And if all that hasn’t put you off dinner or playdates at mine, I don’t know what will.
Wine-braised chicken with juniper
This dish, based on one I found years ago in The Guardian by Hugh F-W, is simple and quick enough to make for a weekday supper but the addition of juniper gives it an unusual and sophisticated flavour, making it perfect for a dinner party. The juniper also makes it smell like gin. Win, win. (Anyone got the number for AA?)
- 4 tbsp olive oil
- 1 heaped tbsp flour, seasoned with salt and pepper
- 1 chicken, jointed into 8, or about 1.5kg of chicken legs/breasts
- 1 onion, finely chopped
- 4 cloves garlic, bashed (don’t worry about removing skins)
- 1 bay leaf
- 1 sprig rosemary
- a couple of sprigs of thyme
- 1 tbsp juniper berries, lightly crushed
- splash marsala (sweet fortified wine) (optional)
- 500ml white wine
- 300ml chicken stock
- 1-2 heaped tbsp full fat creme fraiche (or a generous splash of double cream)
- 1 tsp dijon mustard
- salt and pepper
- chopped flat leaf parsley to garnish
- Put the seasoned flour in a large freezer bag, tip in the chicken and give it a good shake until the chicken is lightly coated (skip this stage if you are low carbing or gluten free).
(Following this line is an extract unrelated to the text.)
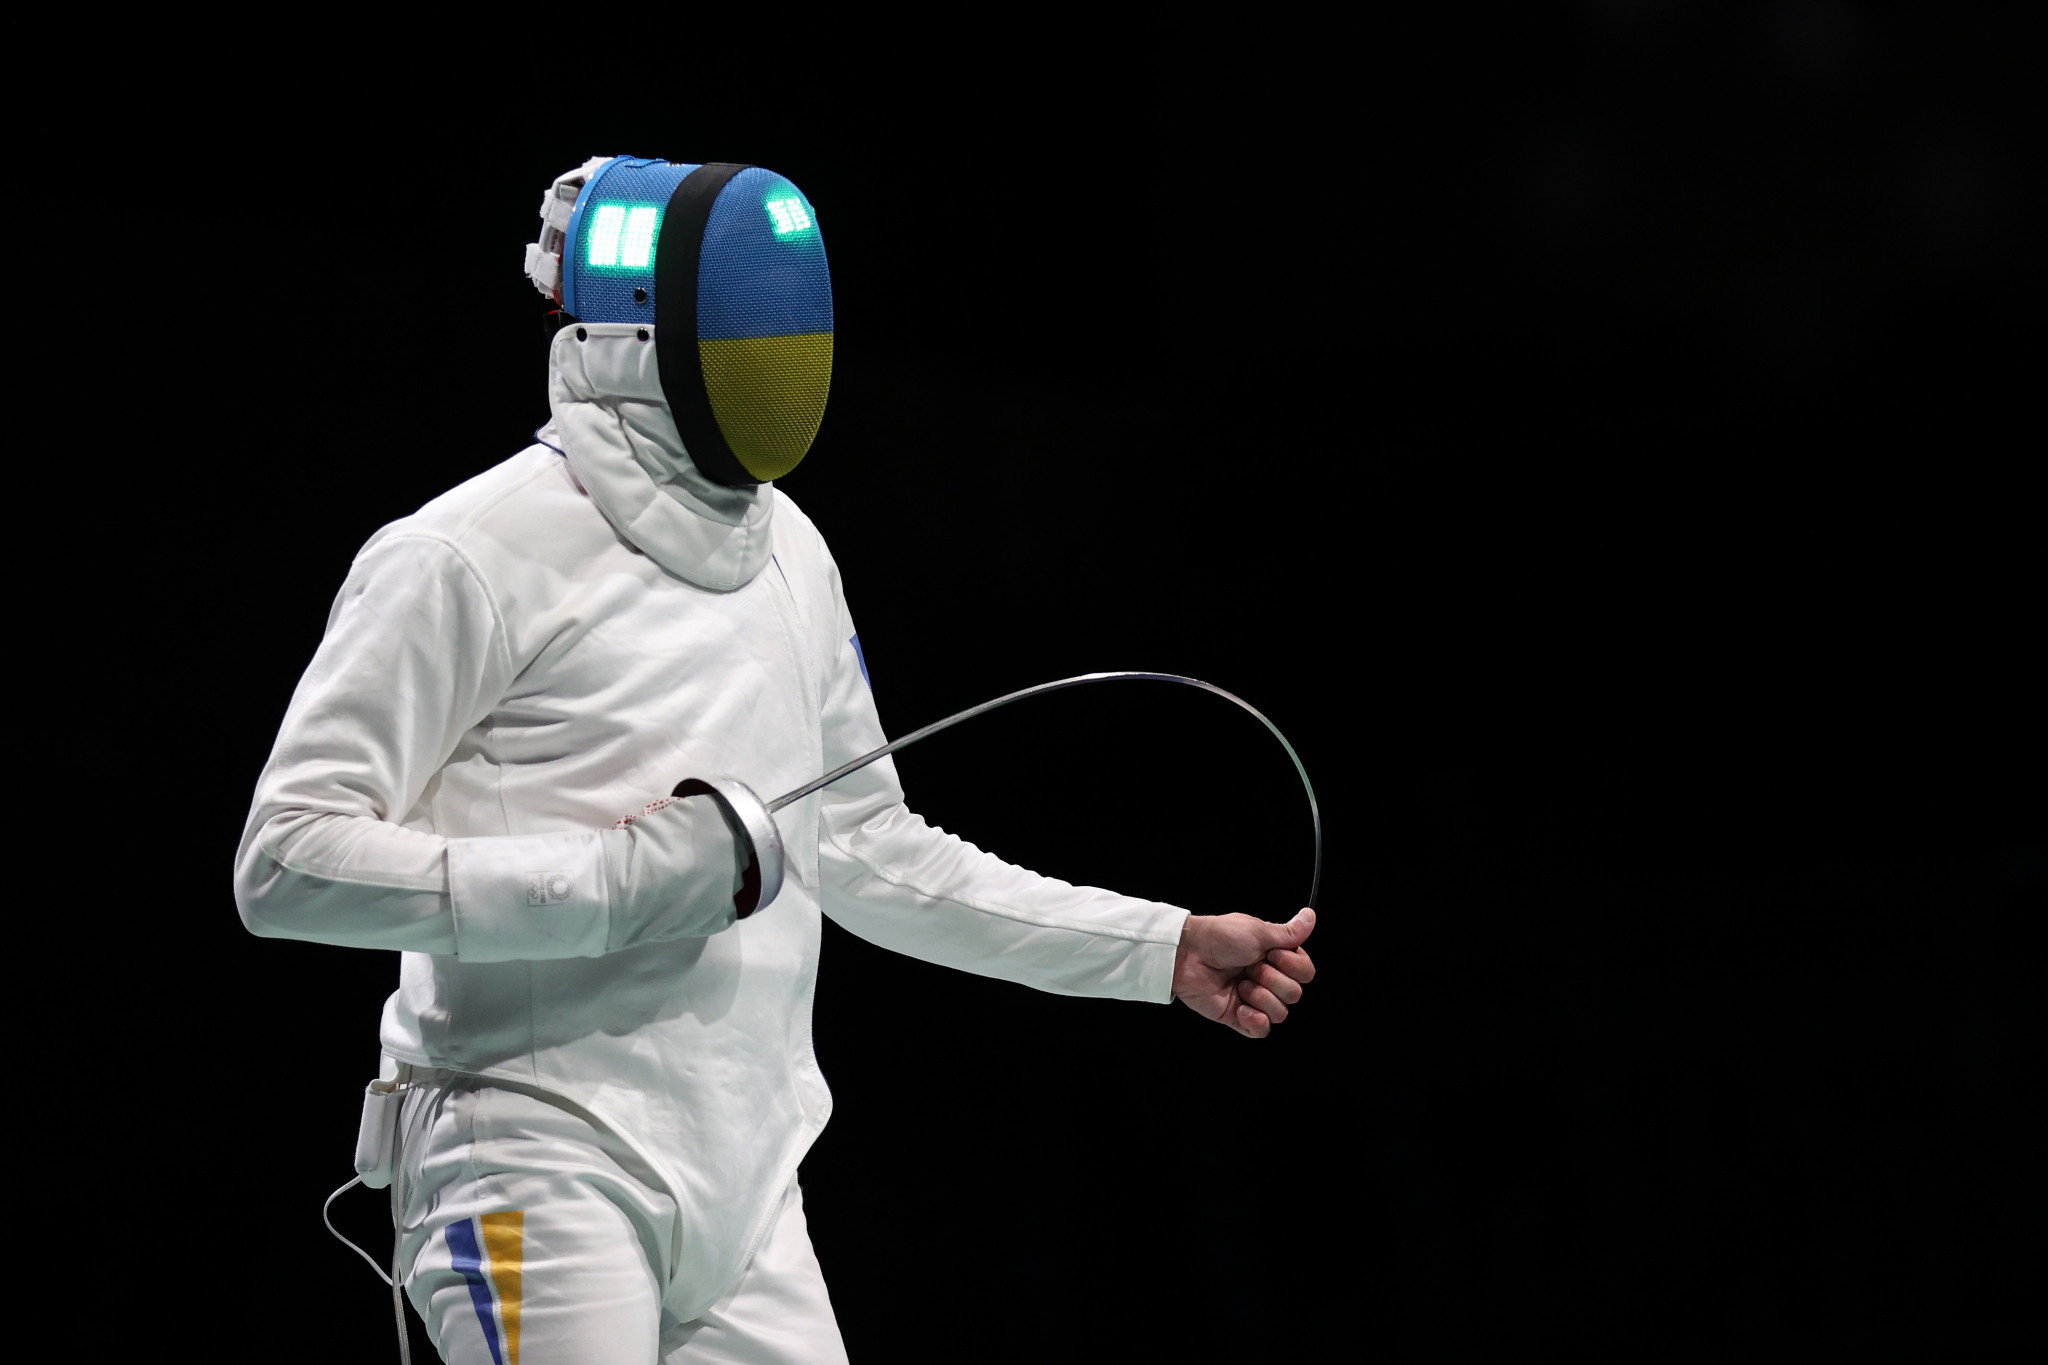 The Ukrainian Fencing Federation is looking to take legal action against the FIE over the decision to readmit Russian and Belarusian athletes ©Getty Images

- Heat half the oil on a high heat in a large heavy-based pan or casserole and brown the chicken, in batches if necessary, until golden on all sides. Transfer to a plate.
- Turn down the heat to medium, add a splash more oil to the pan, then add the onion, herbs and garlic and cook gently for 10 minutes, until the onion is soft and translucent.
- Add the marsala (if using) and wine and let them simmer for a few minutes, scraping off any caramelised bits from the bottom of the pan, then add the stock and the juniper berries. Bring to the boil and then simmer for a further five minutes.
- Return chicken, skin side up, to the pan, and braise, partially covered, on a low heat for 25-30 mins until the chicken is cooked through.
- Remove the chicken once more, then strain the sauce through a sieve and return it to the pan (you can skip this step but I prefer a smooth sauce, as the flavour of a bitten juniper berry can be a little overpowering). Reduce a little then add the creme fraiche and mustard then reduce a little more so the sauce has the consistency of single cream.
- Return the chicken to the pan, warm through and scatter with parsley. Serve with mash or flat pasta noodles such as pappardelle or tagliatelle and greens of your choice.